Exercise requirements
A verbatim copy of all the data is required; the pictures should not appear in it.

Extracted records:
====

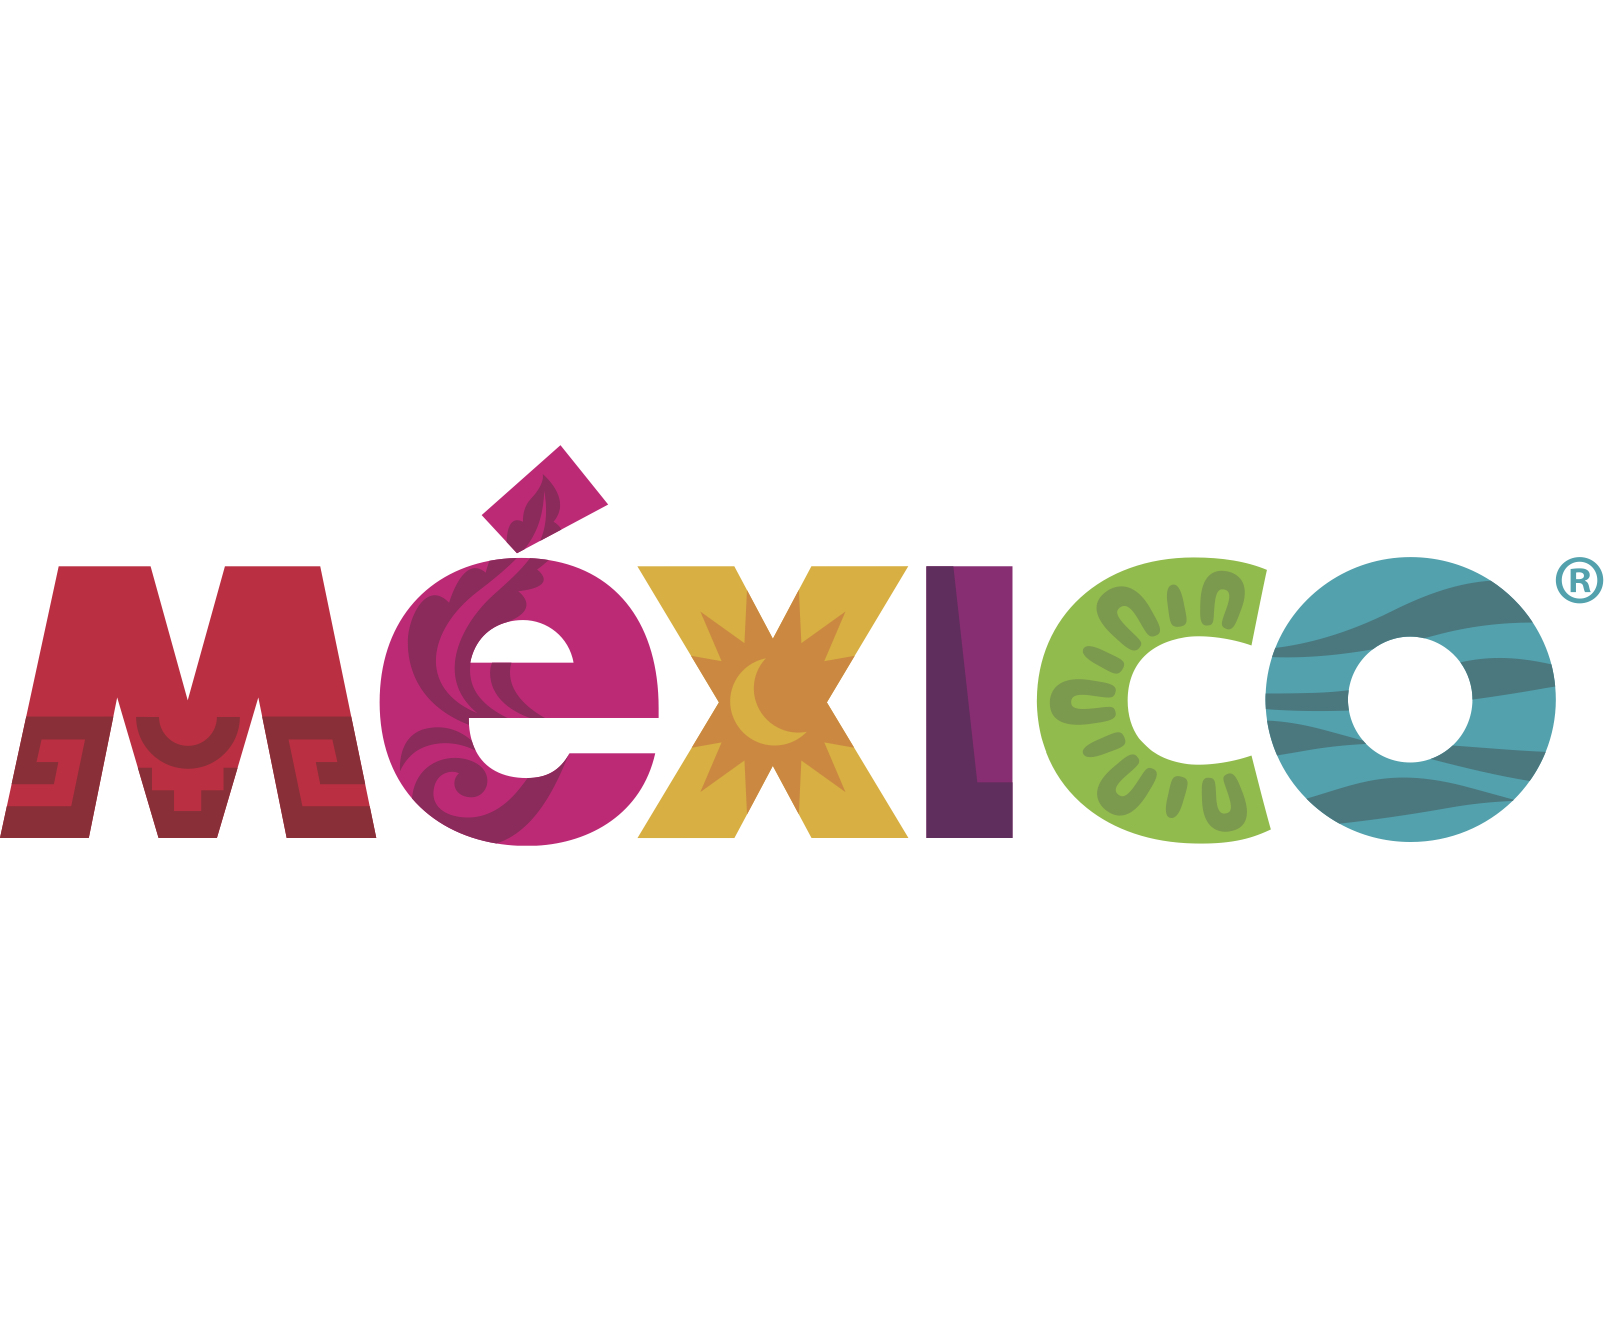 México, marca turística del país es un isologo, en el cual cada letra tiene un color, diseño y significado distinto que representa la cultura mexicana.
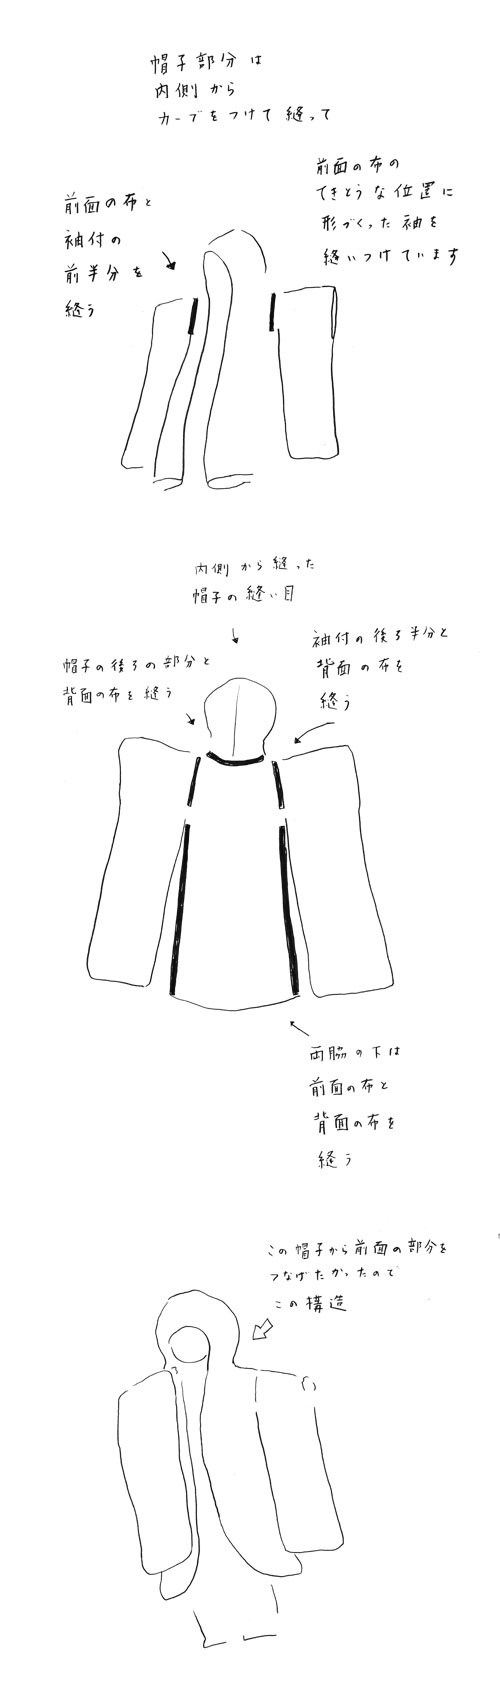 tsurumaru-san-fooded-kimono-clothes-diagram-002
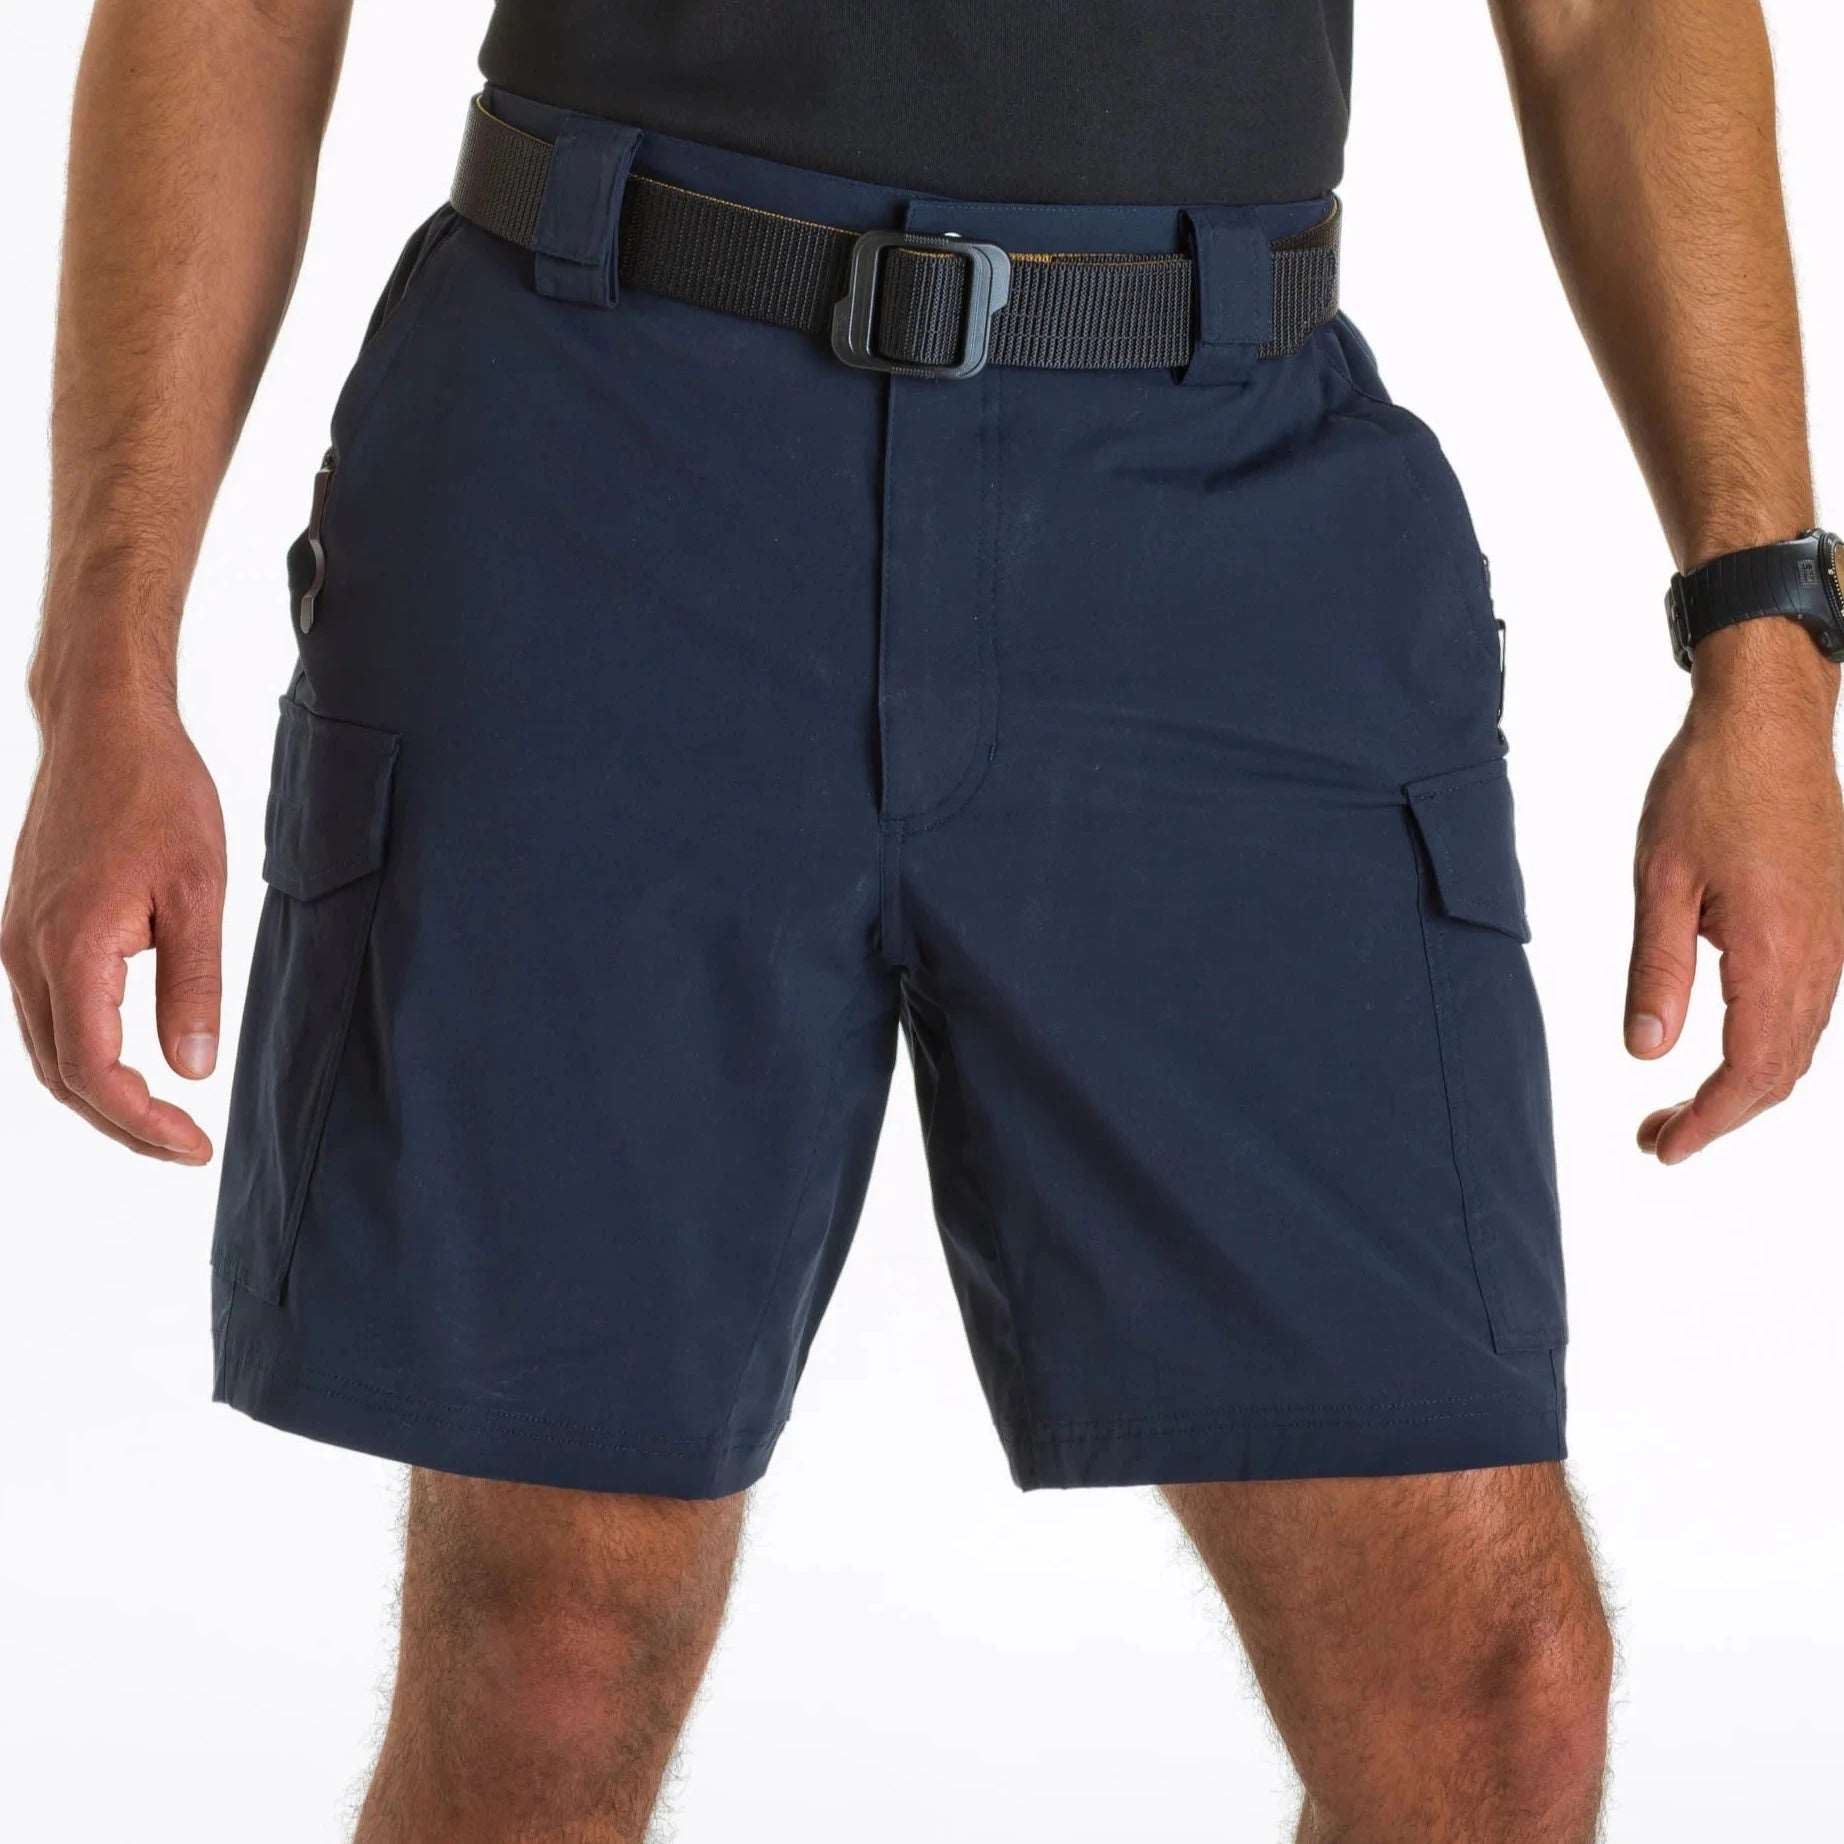 Shorts - 5.11 Tactical Patrol 9" Shorts
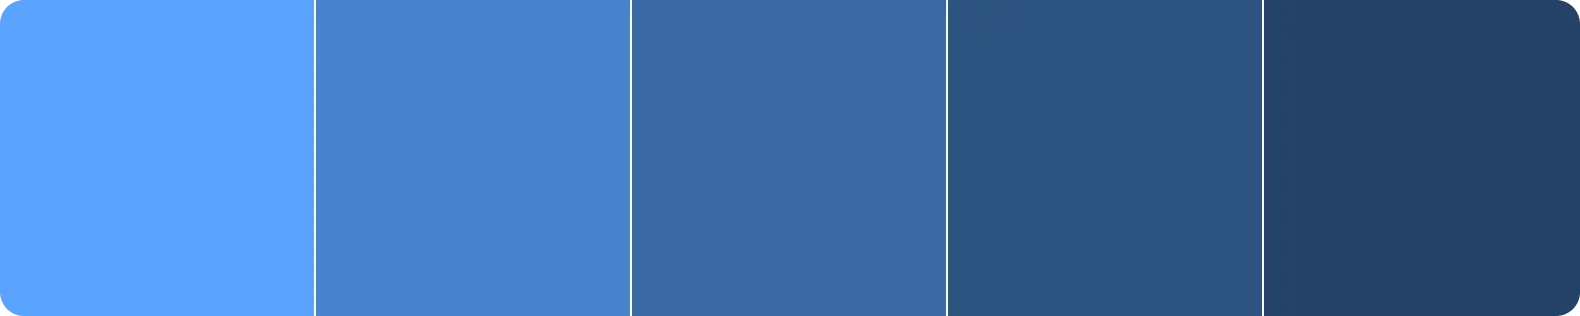 Palette de couleurs montrant différents sades de la même couleur de bleu.
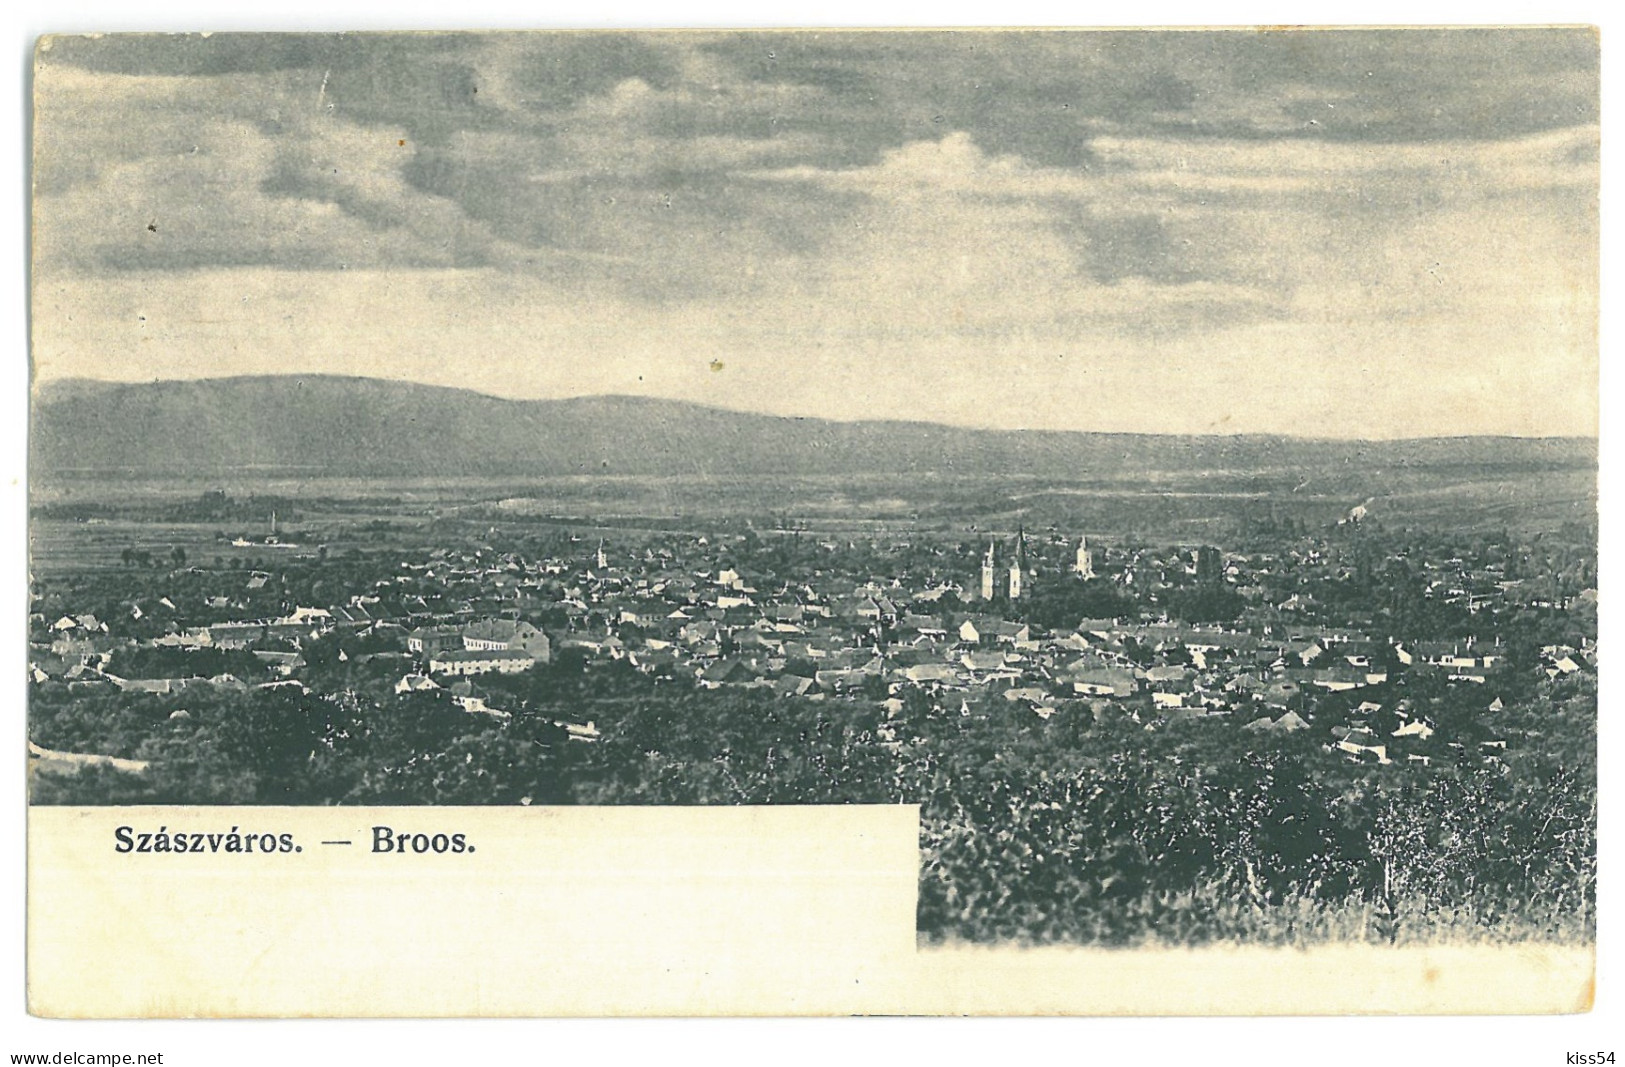 RO 35 - 23263 ORASTIE, Hunedoara, Panorama,  Romania - Old Postcard - Used - 1907 - Roumanie

====

Exercise result
 México, marca turística del país es un isologo, en el cual cada letra tiene un color, diseño y significado distinto que representa la cultura mexicana.
 tsurumaru-san-fooded-kimono-clothes-diagram-002
 Shorts - 5.11 Tactical Patrol 9" Shorts
 Palette de couleurs montrant différents sades de la même couleur de bleu.
 RO 35 - 23263 ORASTIE, Hunedoara, Panorama,  Romania - Old Postcard - Used - 1907 - Roumanie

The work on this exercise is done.